Старик не унимался — он красочно расписывал прелести чабанской жизни. Гость слушал, покашливал, не зная, как остановить поток его красноречия. Он торопился к машине. Нияз, однако, цепко держал его за руку, ноздри его широкого носа обиженно раздувались.

— Если так, — сказал он, и скулы его порозовели, — ты не откажешься от моего подарка.

Спутники подошли к гостю, и один из них показал на часы.

— Мы опоздали. Не знаю, что с нами будет, головы снимут…

— Головы ваши будут целы, — рассмеялся гость. — Вы отвечаете за мою, я отвечаю за ваши.

— Я же сразу сказал вам — так легко не отделаетесь.

Нияз и Аслан вышли из юрты. В руках у старика было седло.

— Вот видите, придется вам взять седло…

Табунщики, сев на коней, ускакали в долину.

Шофер потирал затекшую шею и зевал, спутники курили и нервно поглядывали в окошко, и только гость был спокоен — он записывал что-то в блокнот, изредка отрываясь от него и задумчиво покусывая авторучку. Услышав топот копыт, он спрятал блокнот. Оба табунщика, старый и молодой, приближались к машине на конях, а вслед за ними, на длинном поводу, бежал красивый караковый и уже оседланный конь.

— Это мой тебе подарок, — сказал Нияз, шумно дыша.

Один из спутников гостя страдальчески сморщился и закрыл рукой лицо, и было непонятно, то ли он плакал, то ли смеялся.
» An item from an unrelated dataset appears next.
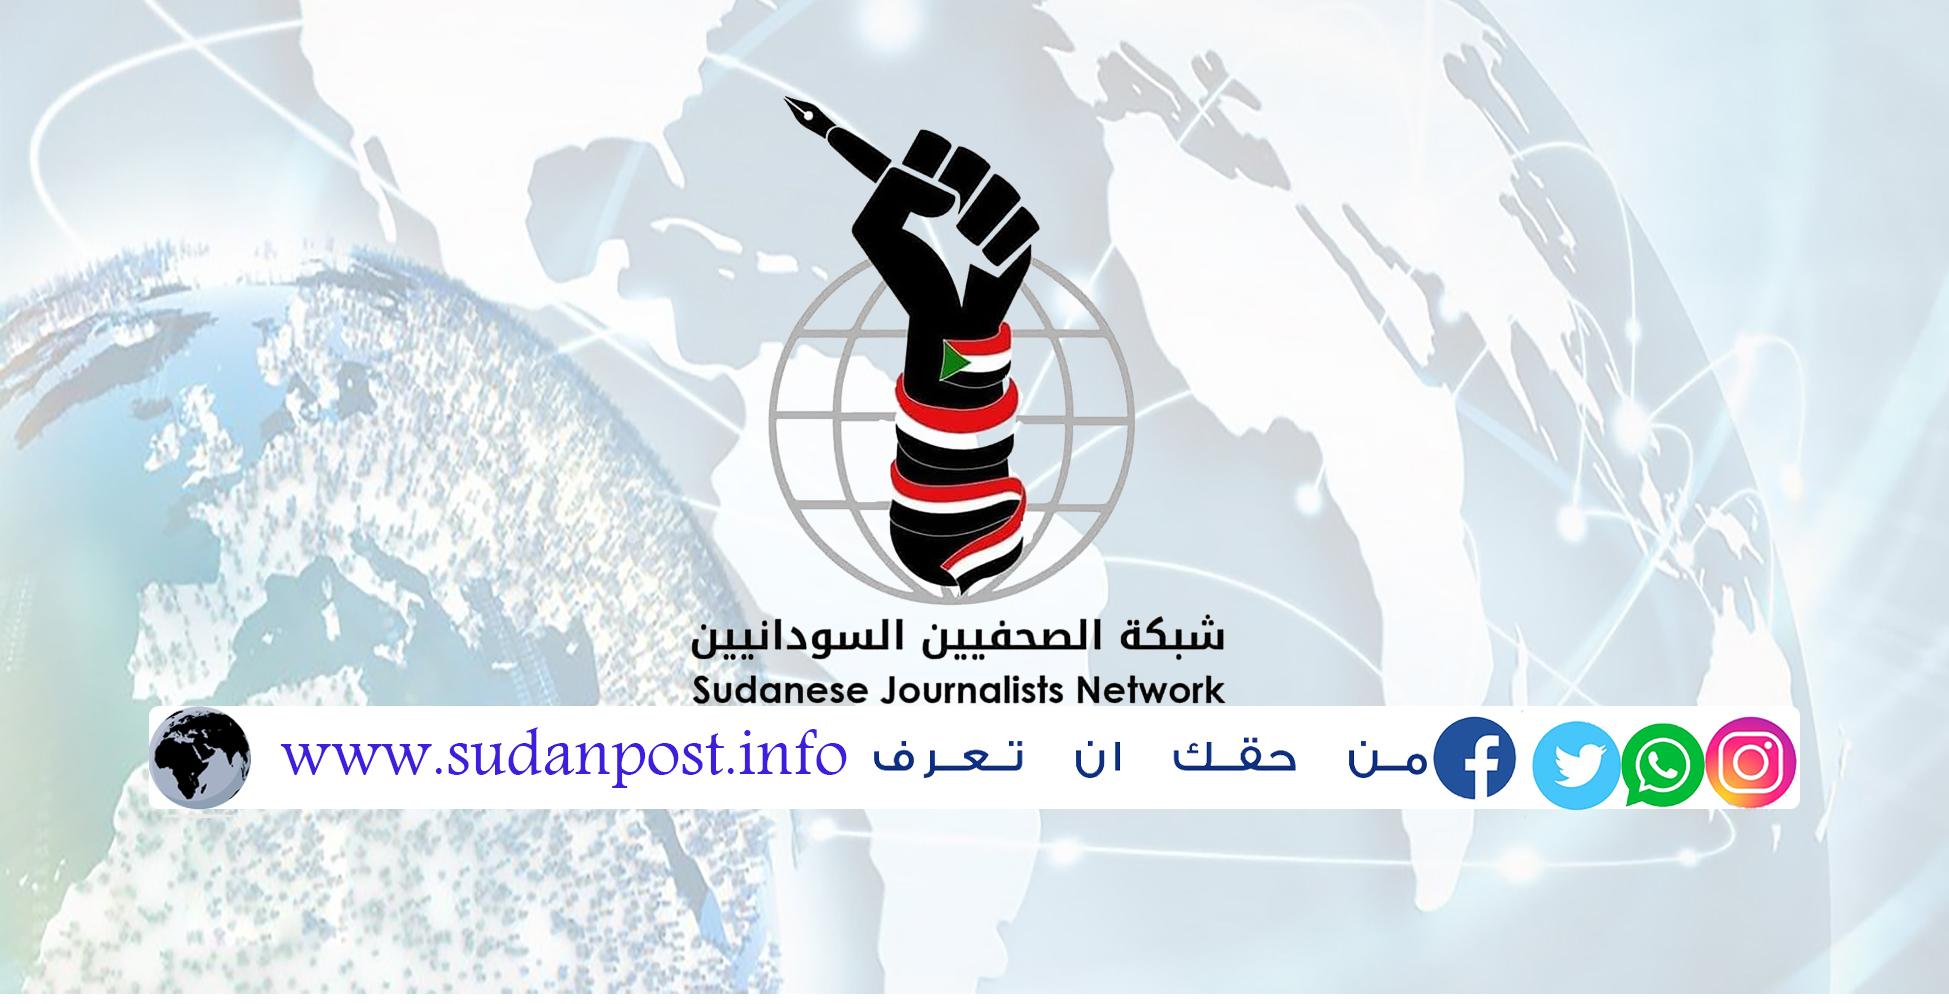 شبكة الصحفيين السودانيين ترفض لقاء حمدوك ببعض الصحفيين

Второй отвернулся и стоял, засунув руки в карманы, будто ничего не видел и не слышал.

Лицо Нияза было торжественно и строго. Гость вышел из машины. Глаза его весело блестели. Он подошел к коню, осмотрел его, похлопал по шее, потом засучил рукава и взял коня за узду. Конь отпрянул, но гость потянул его к себе, сжал узду в кулаке. Теперь видно было, что это огромный кулак и принадлежит он сильному человеку.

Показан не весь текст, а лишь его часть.